More than 7,200 people use the service across the county, which includes courses, apprenticeships for young people and training for the unemployed.
Funding is provided by the Government but this has been cut by £300,000, from around £3.8m last year to £3.5m for 2012/13.
The majority of services, around 70 per cent, are currently provided by Oxfordshire County Council.
The rest are already farmed out to other organisations, but that proportion could grow to around 80 per cent as part of a review into the way the service is provided.
This has led to concerns about job cuts, charges and maintaining standards.
The county council has stressed the service review is in the very early stages, a number of options are being considered and no decisions have been made yet.
The authority has also denied they are reviewing adult learning because of funding cuts from the Government Skills Funding Agency.
A council spokesman did confirm the service had been operating at a deficit for “a number of years”, and so the county put in £220,000 to clear the deficit last year.
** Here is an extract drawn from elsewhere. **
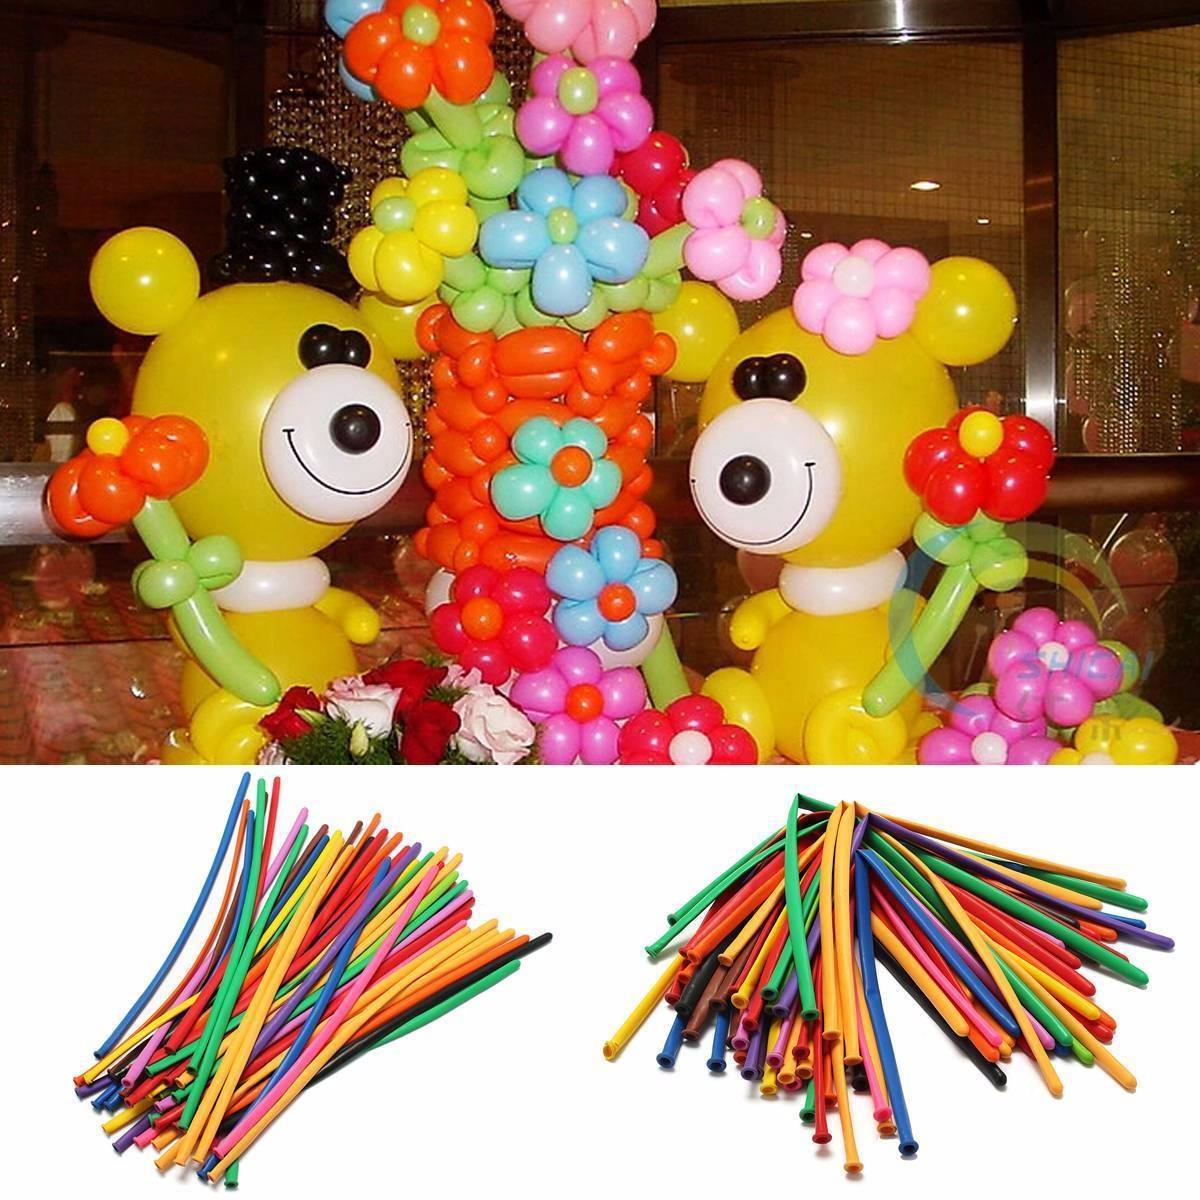 globos para cumpleaos pencil por docena decoracin with figuras de globos para cumpleaos

The council receives £900,000 in income from people who use the service.
Cabinet member for safer and stronger communities Judith Heathcoat said: “The externalisation of the delivery of adult learning is very much in its embryonic stage and there is detailed work which needs to be done. All options must definitely be looked at.”
People who use the adult learning raised concerns about the idea.
Teresa Garlake, a 49-year-old teacher from East Oxford, said: “In my experience every time something is privatised the standards go down and as a teacher I disagree with the privatisation of education.”
Karen Godwin, a 41-year-old carer from Headington, said: “When things are privatised they tend to put making money above looking after people.”
The possibility of “externalising” the service was revealed in the detail of a report to the council’s safer and stronger communities safety committee.
Committee member and Labour county councillor for West Central Oxford Susanna Pressel feared the council could be preparing for the privatisation of the adult learning service to save money.
She said: “I think it would be foolish to privatise the adult learning service after it received a good Ofsted report earlier this year.
“If the service is completely externalised then any profits will go into the pockets of shareholders instead of going back into the service.
“This could lead to some staff, including managers and tutors losing their jobs.
“And some staff could end up being paid less by private companies following privatisation.”
The county currently employees 220 staff in adult learning services. Workers are based at Unipart House in Cowley, and at offices in Kidlington and Grove.
County council spokesman Paul Smith said there were currently “no staffing implications and no financial implications.”
Any staff transfered to other organisations would have their terms and conditions protected.
He said: “The council is in the process of formulating a range of different possibilities and these will become more apparent in future when this matter has taken greater form and is ready for decision.
“It is very important to note the council has for many years either delivered adult learning directly itself or commissioned external agencies to do this.
“What this latest development is about is whether further delivery should be carried out external to Oxfordshire County Council where this makes sense.”